The stages of the script are as follows:
1. Asks user for their repository's account credentials which are needed to add/update metadata records on DataCite.

2. Checks the SPASE record provided for a DOI. If none found, a call to the DataCite REST API is made to check and see if a draft metadata record has already been made for this record. If either of these steps is successful, then the DOI and publication year are scraped, in addition to the rest of the metadata extracted in the next step.

3. Scrape the given SPASE record(s) using lxml and following specific logic as designed by the SPASE-DataCite Mapping Working Group. At minimum, the metadata needed to mint a DOI is extracted from the SPASE record(s). If available, additional metadata is extracted which helps improve the richness of the DataCite record.

4. This extracted metadata is then formatted according to DataCite's most recent schema as of the release of this script. This formatted metadata is saved in the local directory, SPASE_JSONs, as JSON files with the file path mirroring the path found in the ResourceID.

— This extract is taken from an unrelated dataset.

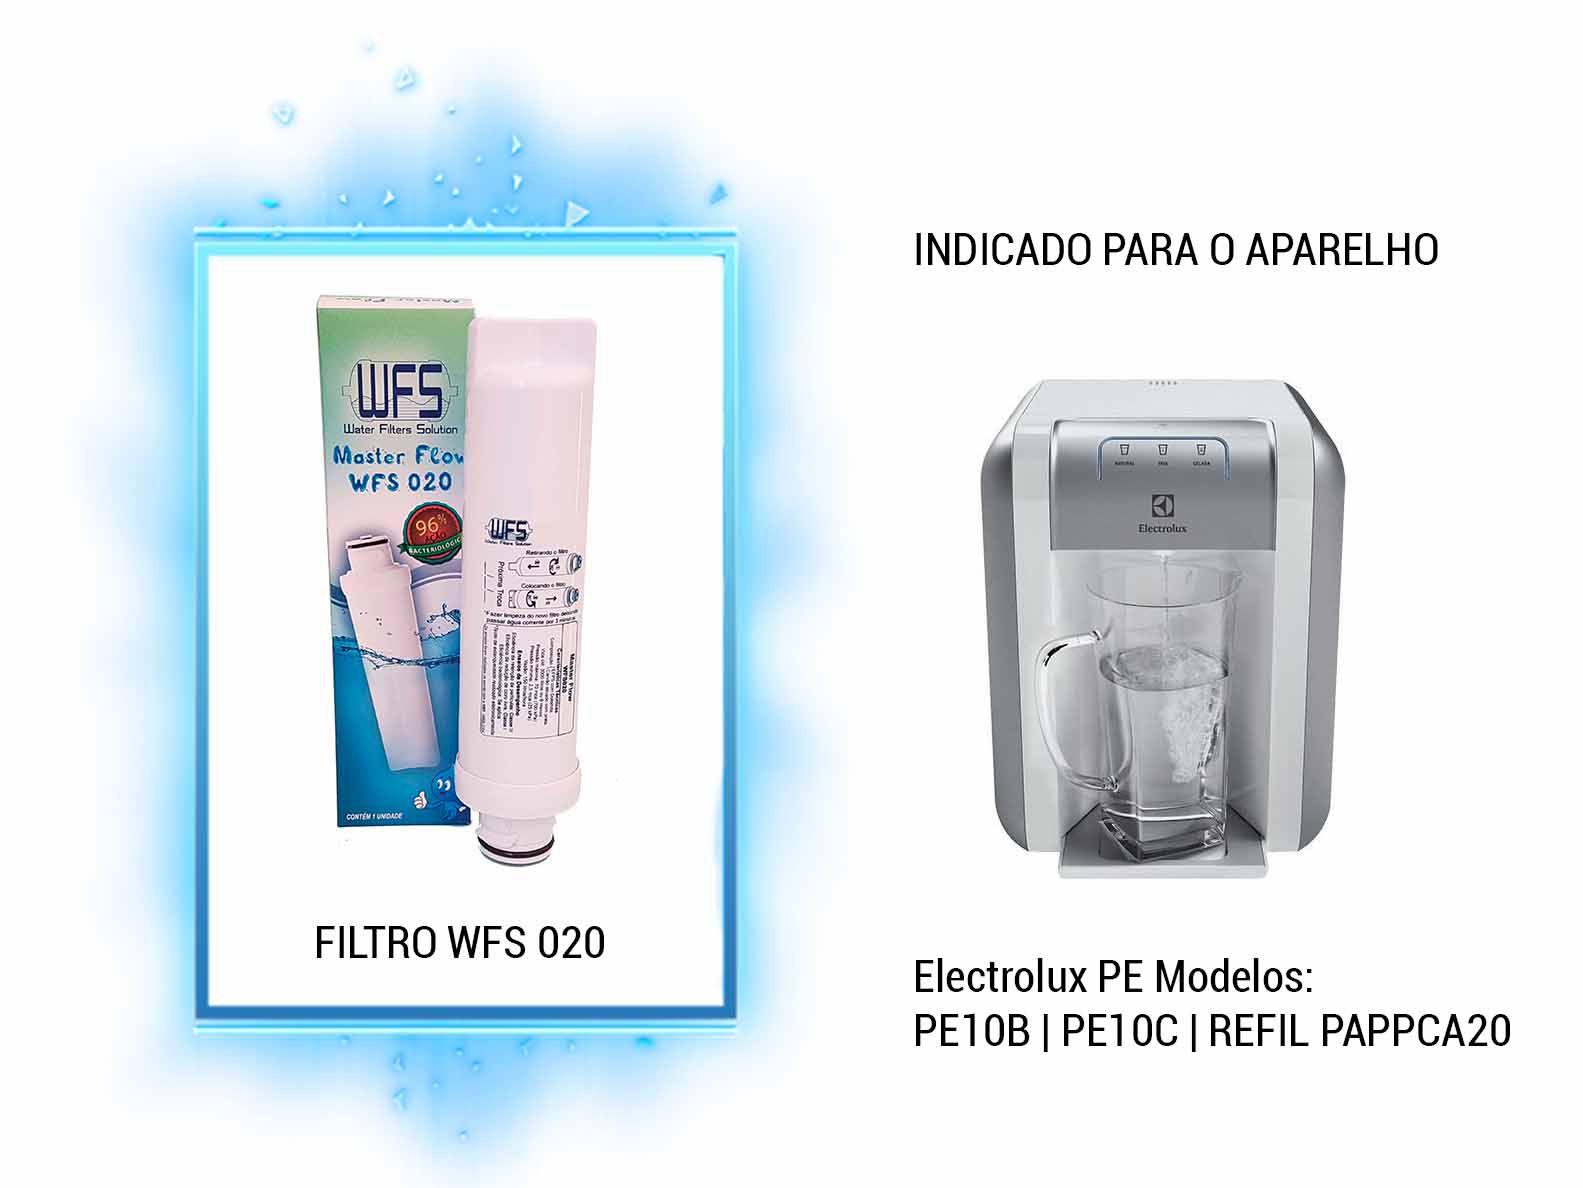 Refil Purificador Electrolux PE   Wfs 020  Master Flow

5. The script then asks the user whether or not they wish to publish the newly created/updated JSON(s) to their repository's DataCite account. If so, the draft is deleted from SPASE_JSONs. If not, these are left in draft state and remain saved in SPASE_JSONs. **Note that publishing cannot be undone.**

This process is more easily understood as a structure chart shown below:

![SPASE-DataCite Mapping Behavior-2.jpg](<attachment:SPASE-DataCite Mapping Behavior-2.jpg>)
*Note that this process occurs for each SPASE record found in the folder/list of ResourceID(s) given by the user.*


## Installation

>**For Non-HelioCloud users**: If you do not already have Python installed, you can download your specific OS' version at https://www.python.org/downloads/. To make your life easier: During the installation process, ensure that the *"Add Python to PATH"* option is enabled.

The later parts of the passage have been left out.